Assessing Need for Disclosure
The consensus paper mostly prescribes a 10-step process by which individual biobanks can develop their own answers. Within those 10 steps are some key answers to the questions posed. More importantly, researchers “should offer” to return IFs and IRRs that meet all of five criteria:
- findings are analytically valid
- return of findings comports with CLIA and other applicable laws
- patients have consented to receiving them
- findings are clinically actionable, allowing patients or their clinicians to “take action with significant potential to prevent or alter the course of the condition or to alter its treatment”
- findings reveal an “established and substantial risk of a serious health condition”
Researchers, the paper continues, “may return” IFs and IRRs that meet all except the “clinically actionable” standard. “Established and substantial risk of a serious health condition” is not defined in the consensus paper, however, answers are emerging from researchers and patients. In the same issue of Genetics in Medicine as the consensus paper, a team led by Robert C. Green, M.D., of Partners HealthCare Center for Personalized Genetic Medicine found that at least 80% of researchers favored disclosure to patients of 64 conditions or genes, 21 of which generated 100% agreement on disclosure.

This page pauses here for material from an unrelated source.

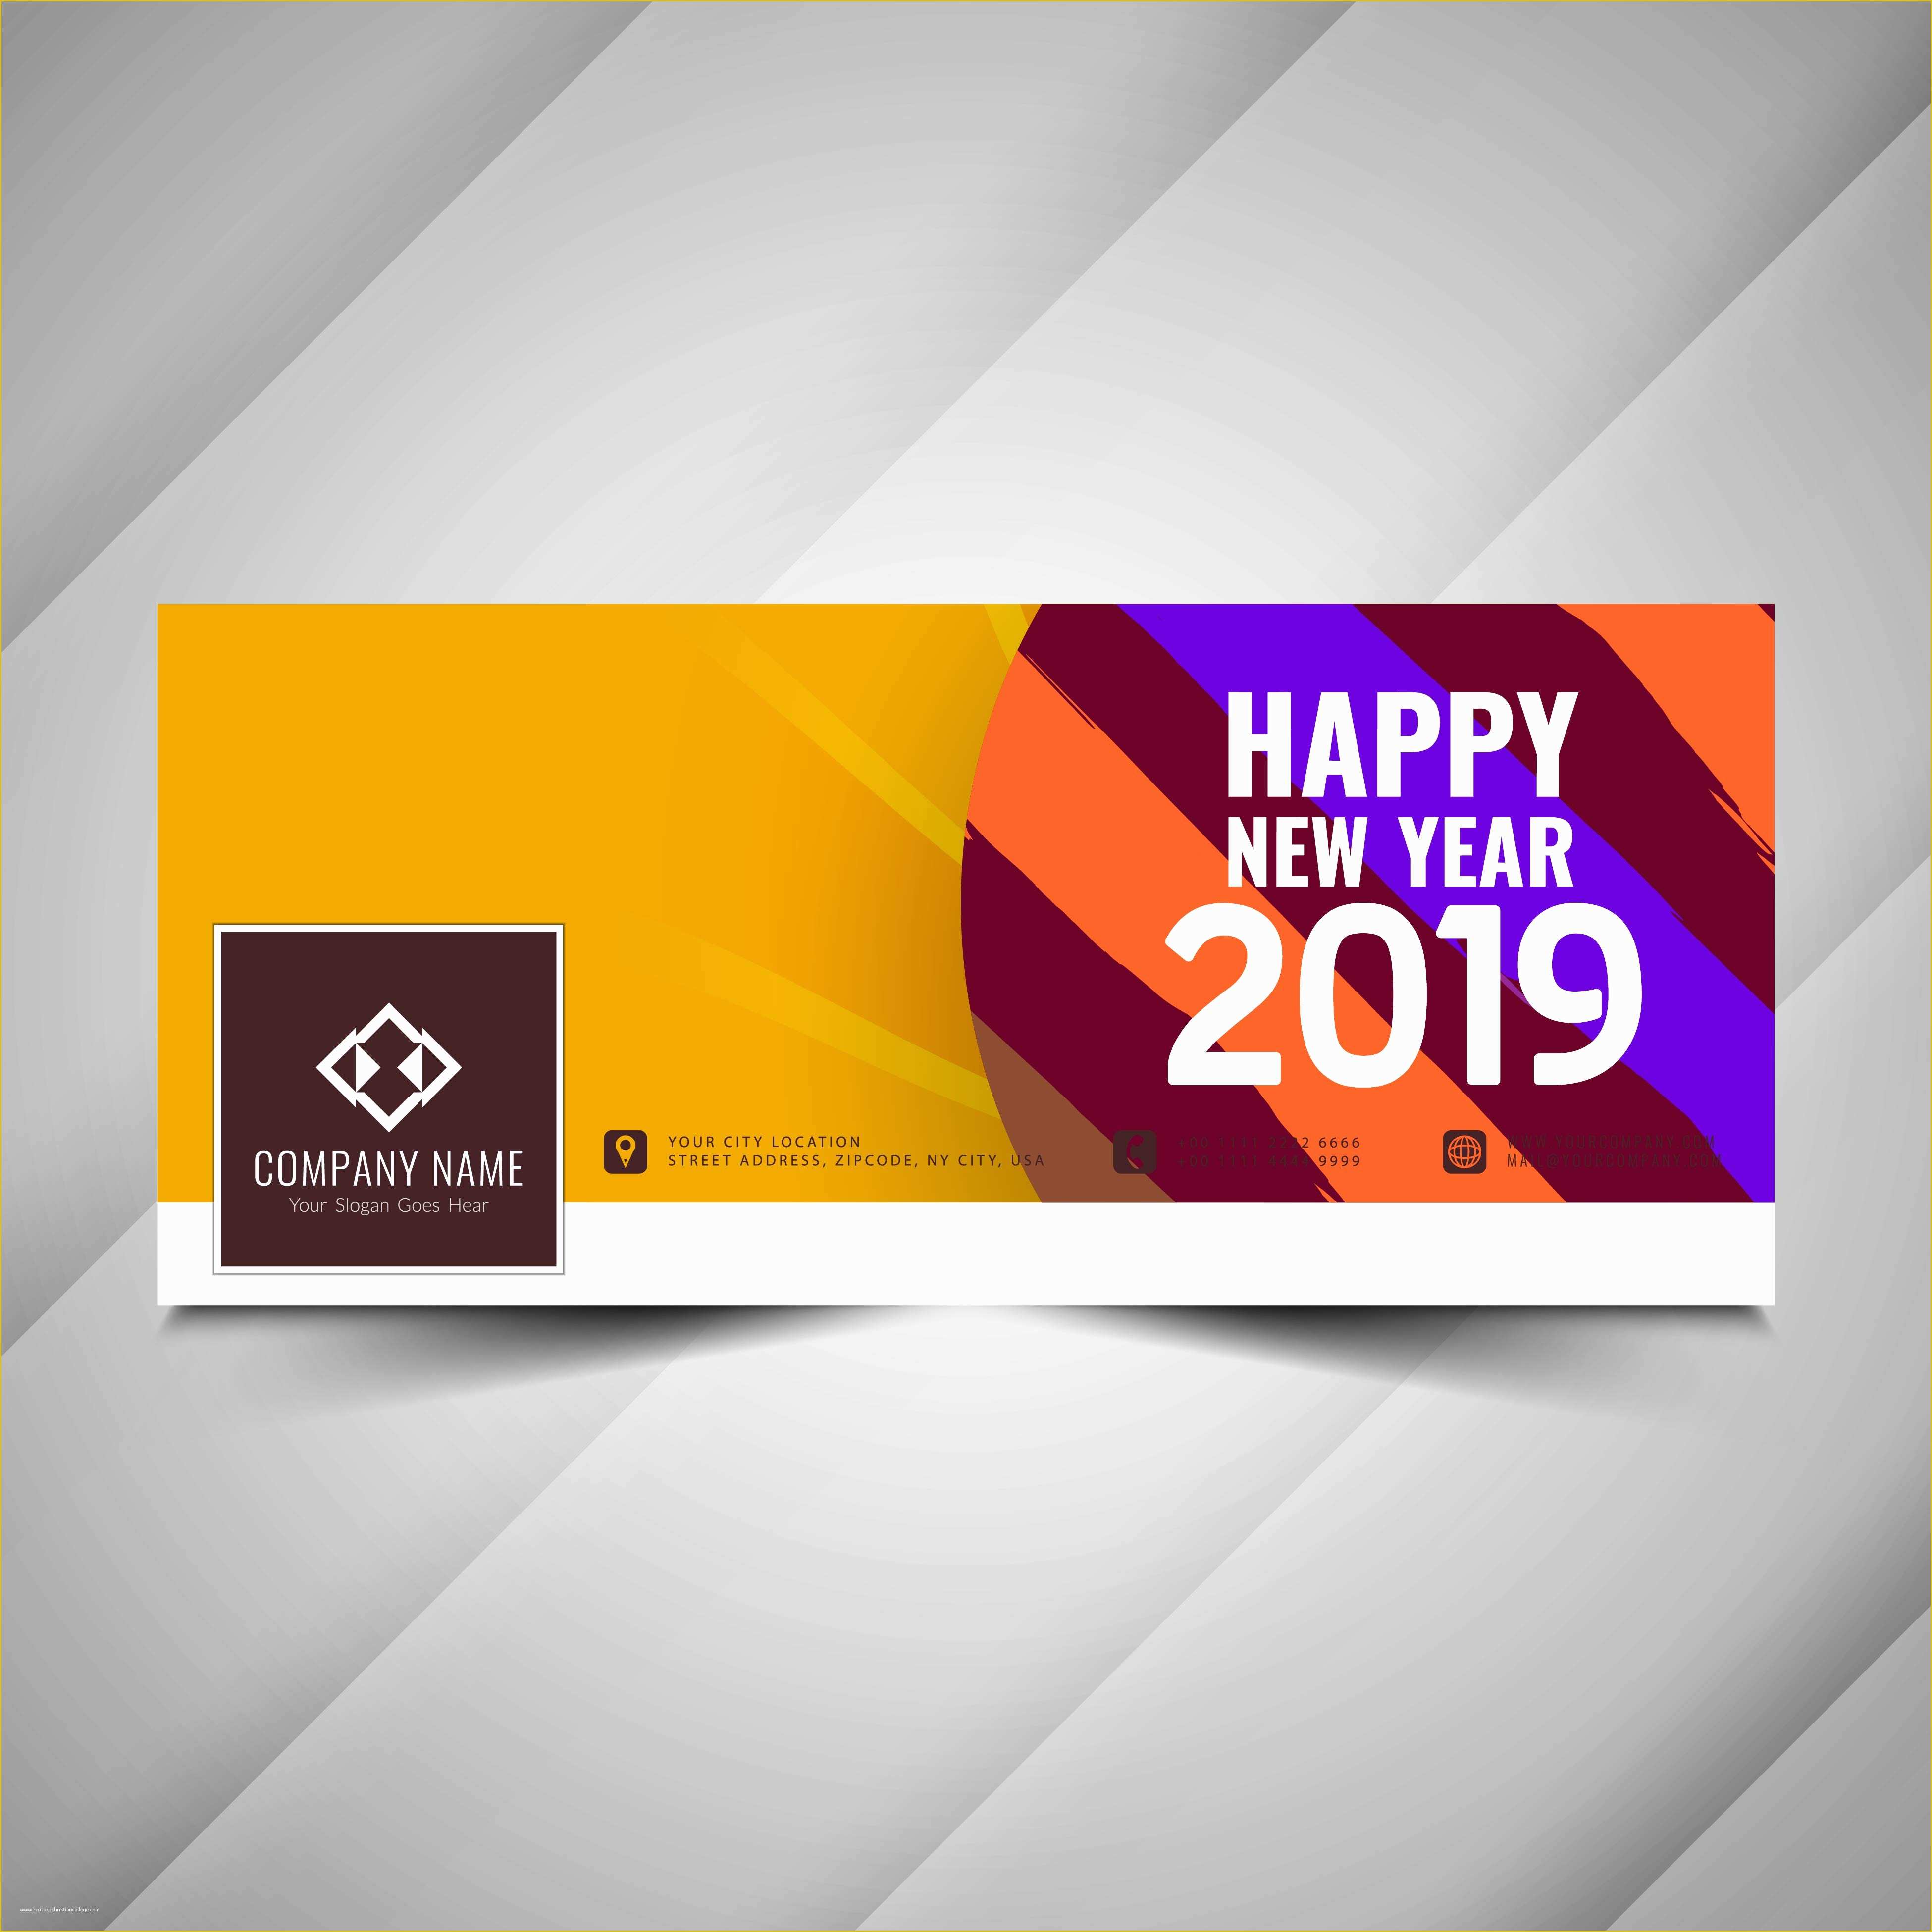 Social Media Banner Templates Free Of New Year 2019 Stylish social Media Banner Template

And in a study published online March 8 by the American College of Medical Genetics, nearly all of 89 people in 10 focus groups in three U.S. cities (Washington, D.C., Philadelphia, and Denver) said they would want at least some individual research results returned. Priority was placed on results that are well understood. Interestingly, the magnitude of the risk conferred and actionability of the result were less important to participants.
Results like these suggest a rising tide favoring increasing disclosure of IFs and IRRs, even as the consensus paper urges more caution. The consensus authors are not alone: Publication of the consensus paper generated a letter from Mats G. Hansson, M.D., Ph.D., of the Centre for Research Ethics & Bioethics at Sweden’s Uppsala University, expressing a concern of many researchers toward full disclosure of IFs and IRRs.
“Assigning participants access rights to research that is not validated could be putting the cart before the horse,” Dr. Hansson wrote. “Incidental findings about an individual’s gene variants need to be verified analytically before being returned to the DNA donor. Even if a variant is accurately defined, further evidence of both clinical validity and utility are needed if its discovery is to be meaningful.”
Similarly, the consensus paper recommended against returning IFs and IRRs that offer “unlikely net benefit” for patients, “including findings whose likely health or reproductive importance or personal utility cannot be ascertained."